Merkel beim Verbrauchertag
Mit einem Blick zurück nach vorn

Bundeskanzlerin Angela Merkel zieht beim Verbrauchertag eine positive Bilanz der schwarz-roten Verbraucherpolitik. Kritische Themen spart sie aus. Das ärgert ihren Herausforderer von der SPD: Martin Schulz.
  • 3

BerlinEin Heimspiel ist der Deutsche Verbrauchertag nicht für die Kanzlerin. Als Angela Merkel die Bolle Festsäle im Berliner Bezirk Moabit betritt, wird sie mit verhaltenem Applaus empfangen. Mit blauem Blazer, schwarzer Hose, freundlich lächelnd wird sie vom Chef des Verbraucherzentrale Bundesverbands (VZBV), Klaus Müller, hineingeleitet.

In der Vergangenheit war die Veranstaltung für Merkel kein Pflichttermin. Sechs Mal fand der Verbrauchertag schon statt. In diesem Jahr ist die CDU-Bundesvorsitzende zum dritten Mal dabei. In Wahlkampfzeiten ein Muss. Schon das Motto der Veranstaltung „Verbraucher zählen, Verbraucher wählen“ gibt die Marschrichtung vor: Merkel soll Flagge zeigen für die Verbraucher, soll sagen, welche Richtung sie beim Verbraucherschutz für die nächsten vier Jahre einschlagen will. Genauso wie ihr Herausforderer von der SPD, Martin Schulz.

Ein direktes Aufeinandertreffen der beiden findet aber nicht statt. Schulz hat noch einen anderen wichtigen Termin. Bevor er am frühen Nachmittag seine verbraucherpolitische Position präsentiert, stellt er im Willy-Brandt-Haus das lange erwartete SPD-Steuerkonzept vor. Dabei hätte Schulz Merkel in verbraucherschutzpolitischen Fragen womöglich ein ums andere Mal in Verlegenheit bringen können.

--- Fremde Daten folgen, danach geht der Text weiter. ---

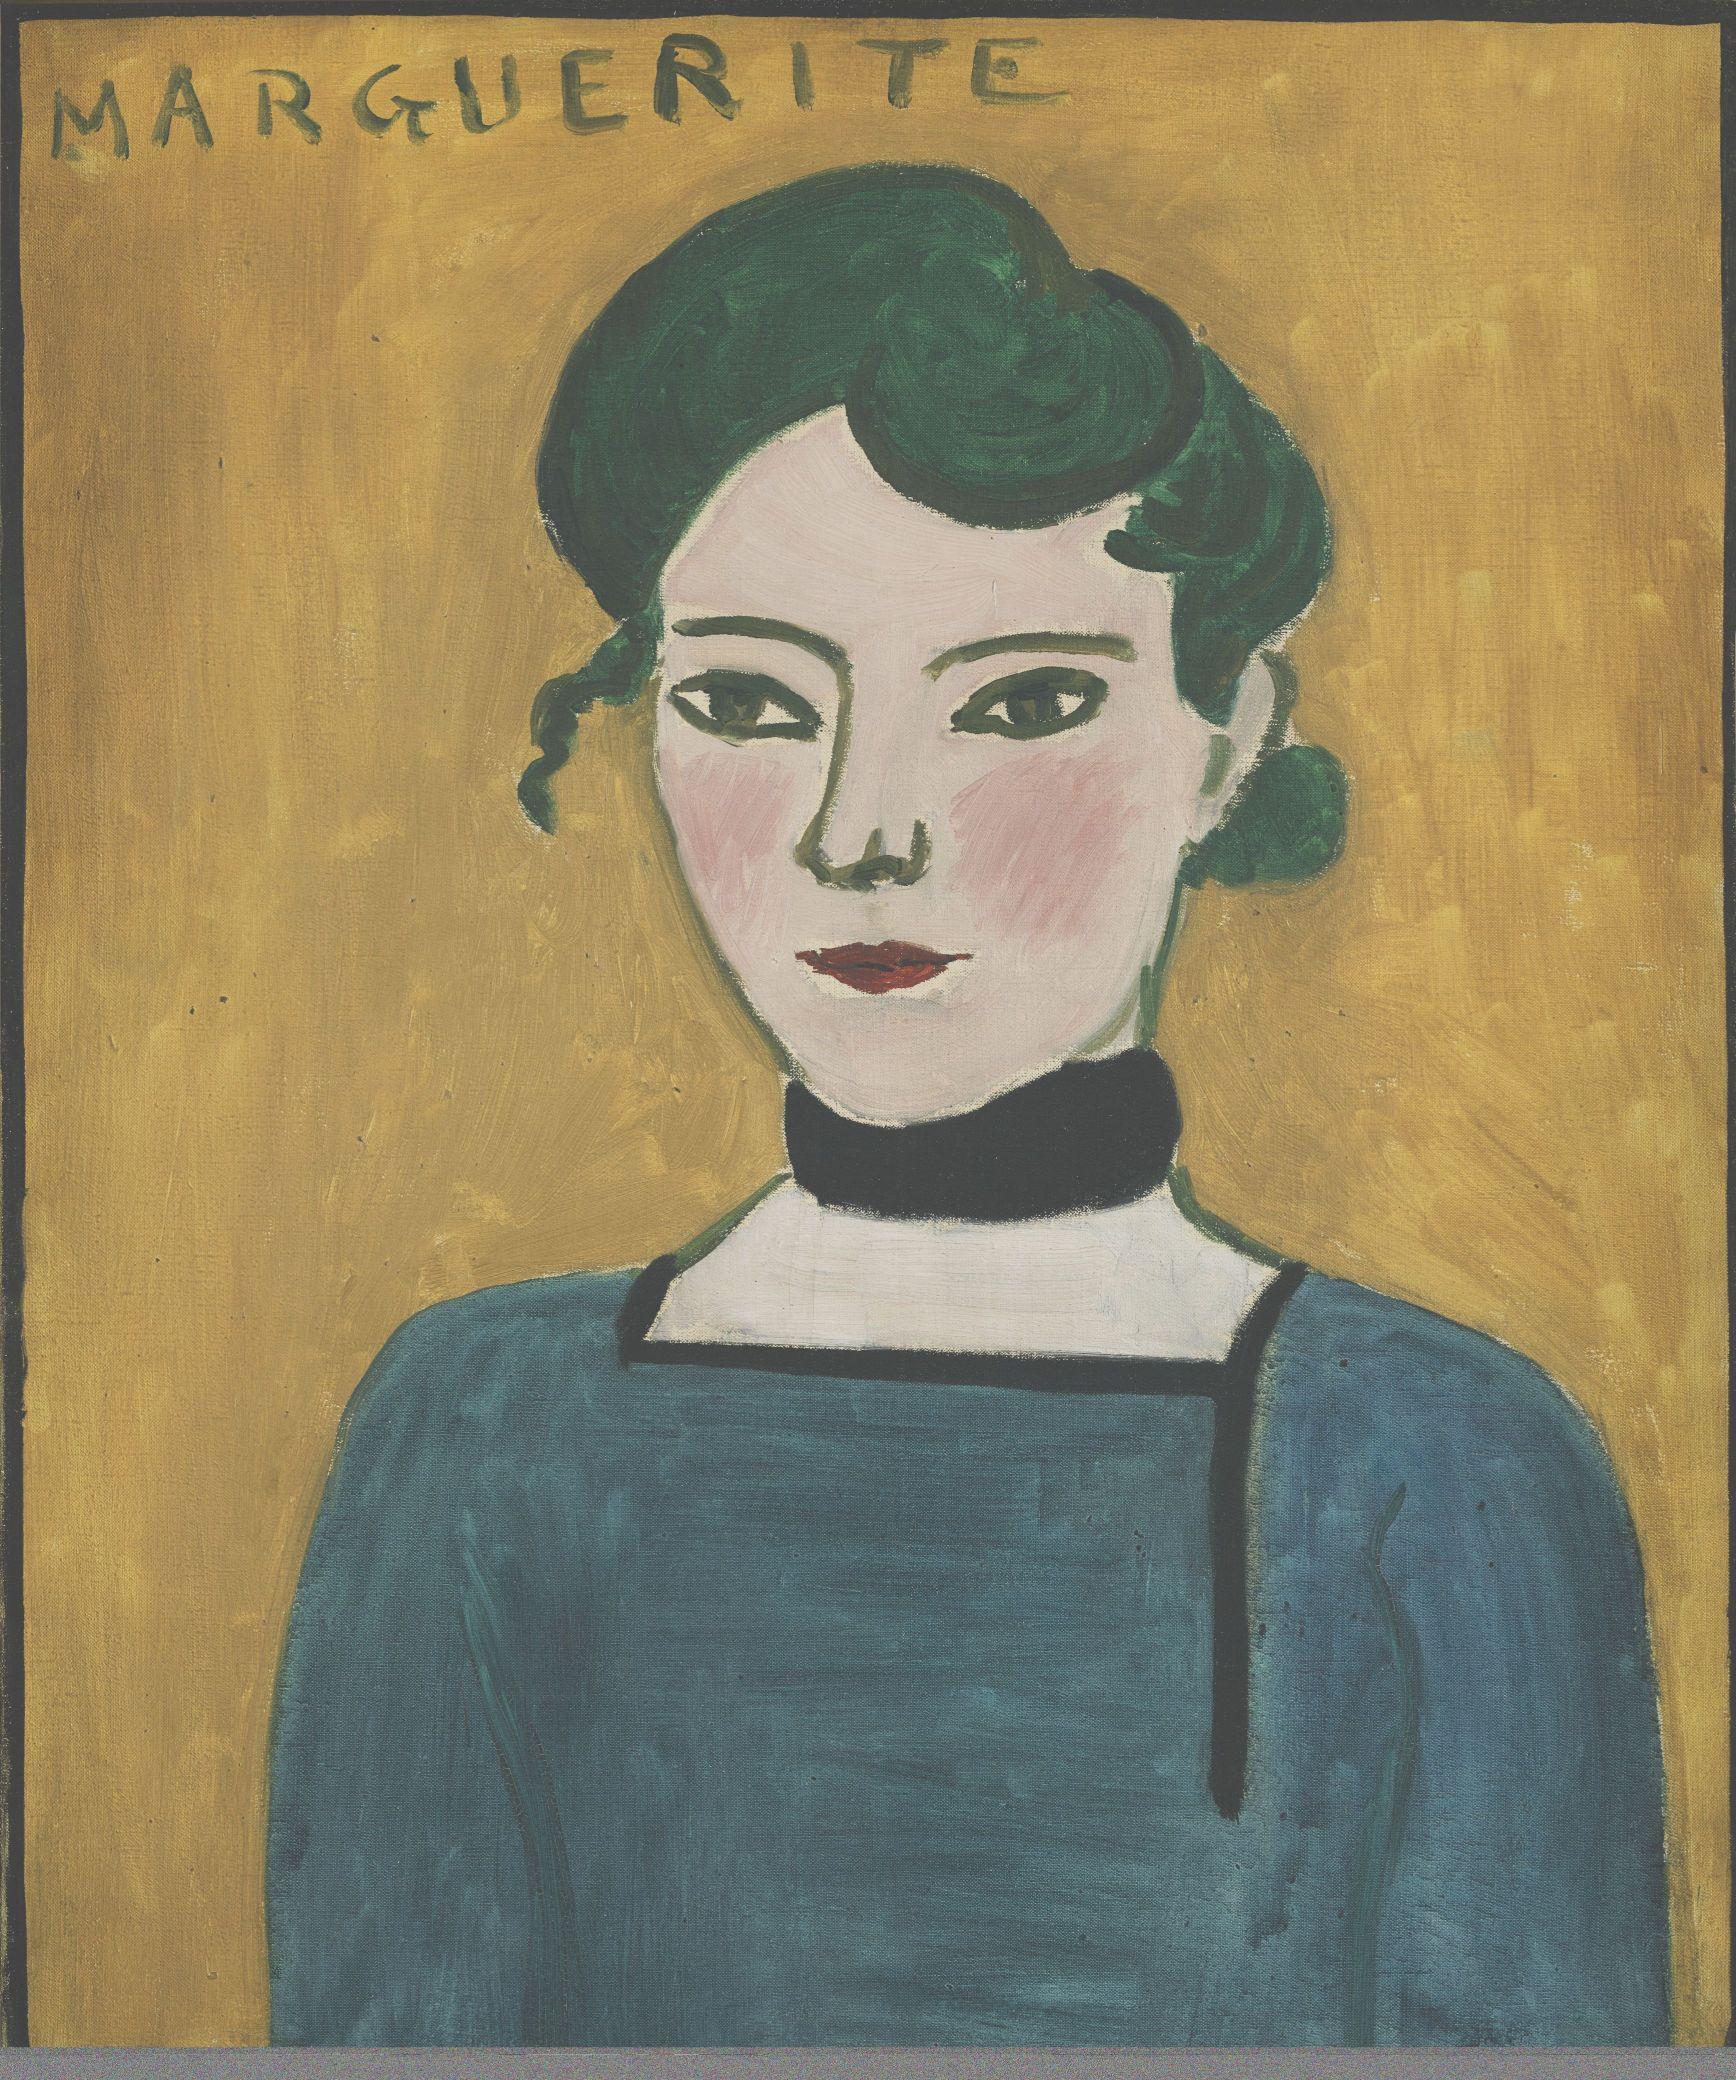 Henri Matisse, Marguerite, 1906 Öl auf Leinwand, 65 x 54 cm Paris, Musée Picasso © Succession H. Matisse/ VG Bild-Kunst, Bonn 2018 Foto: bpk | RMN - Grand Palais | René-Gabriel Ojéda

Denn die Kanzlerin liefert in ihrer 30-minütigen Rede mehr einen Abriss dessen, was die Bundesregierung in den vergangenen Jahren verbraucherpolitisch umgesetzt oder angeschoben hat, als einen Blick in die Zukunft. Konkrete Initiativen kündigt sie nicht an. Stattdessen viel Rückschau. Vielleicht ist diese Art der Zurückhaltung auch ein Grund für das mangelnde Vertrauen vieler Bürger in die Politik. Das legt zumindest eine Forsa-Umfrage nahe, die der VZBV eigens für den Verbrauchertag in Auftrag gegeben hat. Danach sind 72 Prozent der Befragten überzeugt, dass die Politik vor allem die Belange von Unternehmen berücksichtigt. Nur 39 Prozent meinen, Verbraucherschutz finde bei der Politik sehr starke oder starke Berücksichtigung.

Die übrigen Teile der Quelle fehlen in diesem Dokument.